I - Unity3D

The solution AND the problem.
Technical Information
Name Unity3D
Website http://www.unity3d.com
Rendering OpenGL 2.1*, OpenGL ES2.0*, DirectX 9, DirectX 11
Audio 2D and 3D
Physics Nvidia Physx
Editor Yes - Unity itself is the editor
Languages Boo**, C#, JavaScript
Target Platforms Linux, Windows, Mac, PlayStation 3, PlayStation Vita, Xbox 360, Wii U, Flash, HTML5

* = I'm not sure, I couldn't find any page that explicit state which version of OpenGL Unity uses. Since it use shaders it must be from version 2.1.
** = I never seen a script in this language, the others two are more common

About Unity3D
Ok bros. I began to write a long article describing Unity, it's strenght, it's weakness... but in truth we don't really care. You all know Unity. If not, go their website and learn something.
Let's skip to the juicy part:

First of all disclaimer: it's my personal opinion, also I'm referring to versions from 3.4 to 4.2. Think whatever you wish but I don't change idea: Unity sucks. And it's good. At the same time.

Thank you for nothing
The ideas behind Unity is fantastic: adding scripts quickly, creating prefabs, the shader system and the use of Mono allows you to create and prototype fast. But it is really like that?

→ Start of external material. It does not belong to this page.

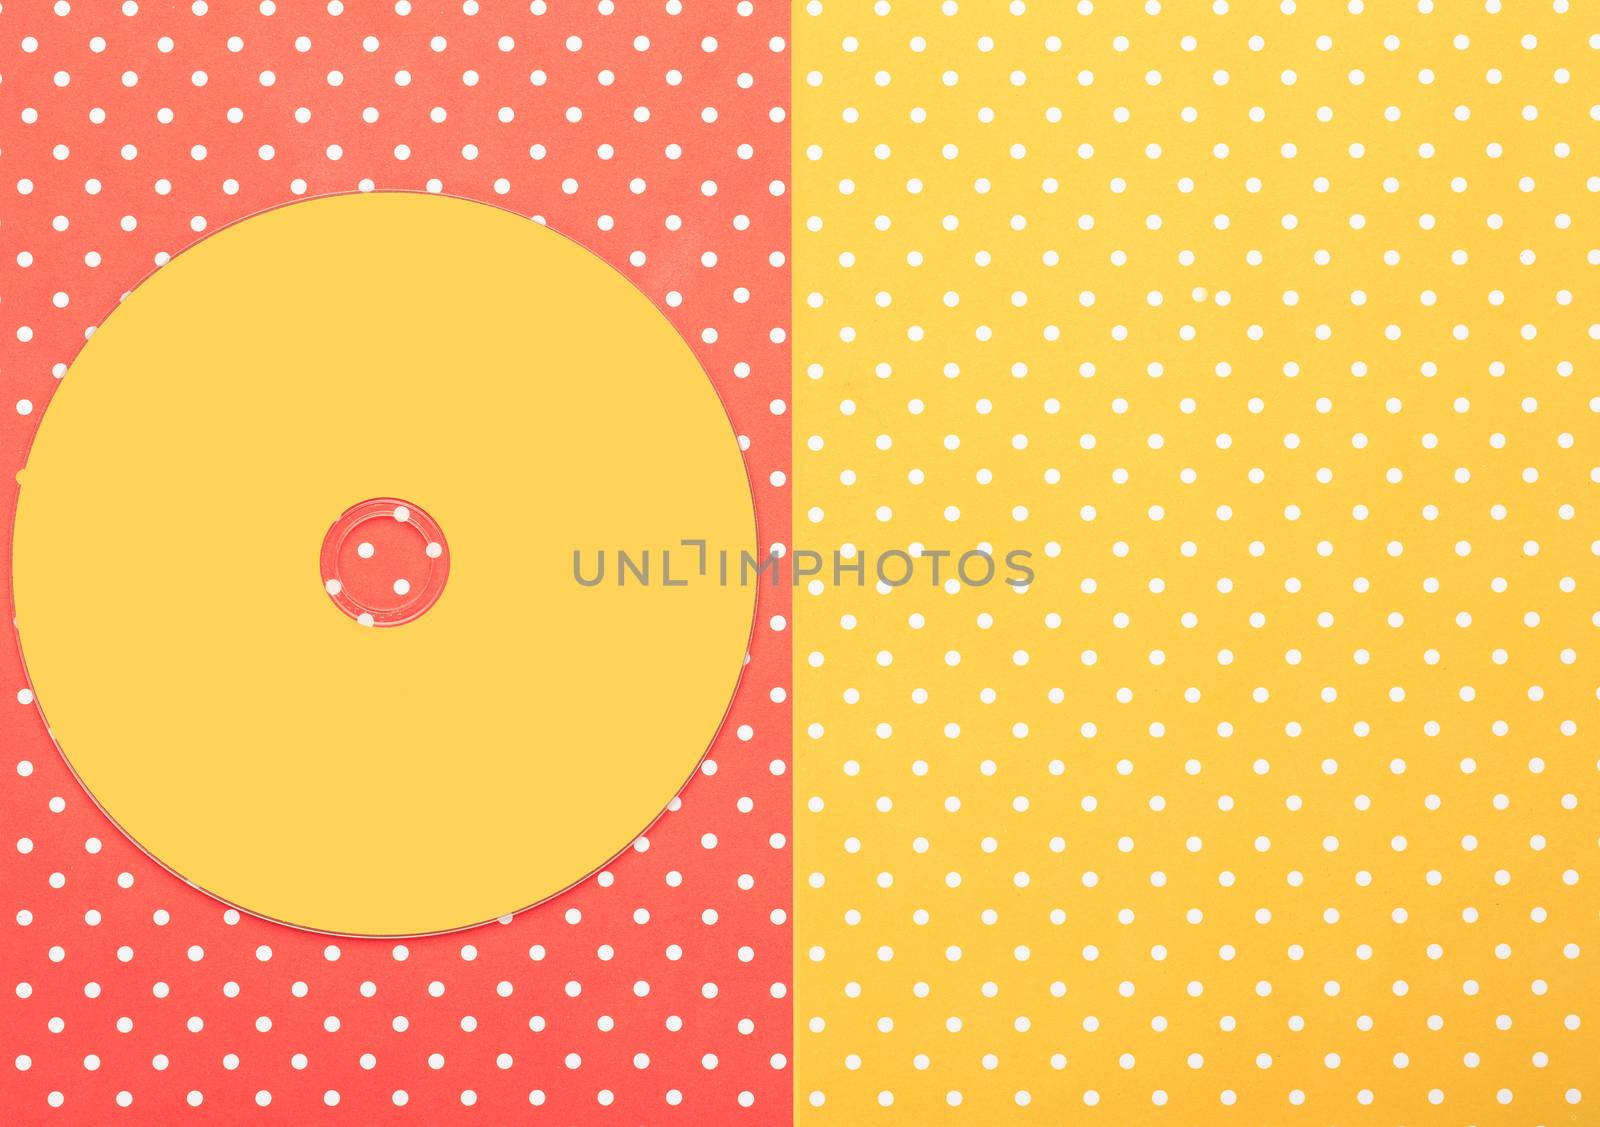 Compact disk CD  with colorful topped background

The Unity3D user interface.

The main problem is, always in my opinion, that every cool idea implemented in Unity is then left as is, mostly rotten.
The pathfinding is damn awesome! But it's static: you can't add or remove pieces of the nav-mesh at runtime. What if you want to add an obstacle to the nav-mesh? You can't. You can only define pre-created areas and turn them on or off but you can't dynamically add an obstacle (example: an explosion launch a rock on the ground on a random position and you want it to block the player).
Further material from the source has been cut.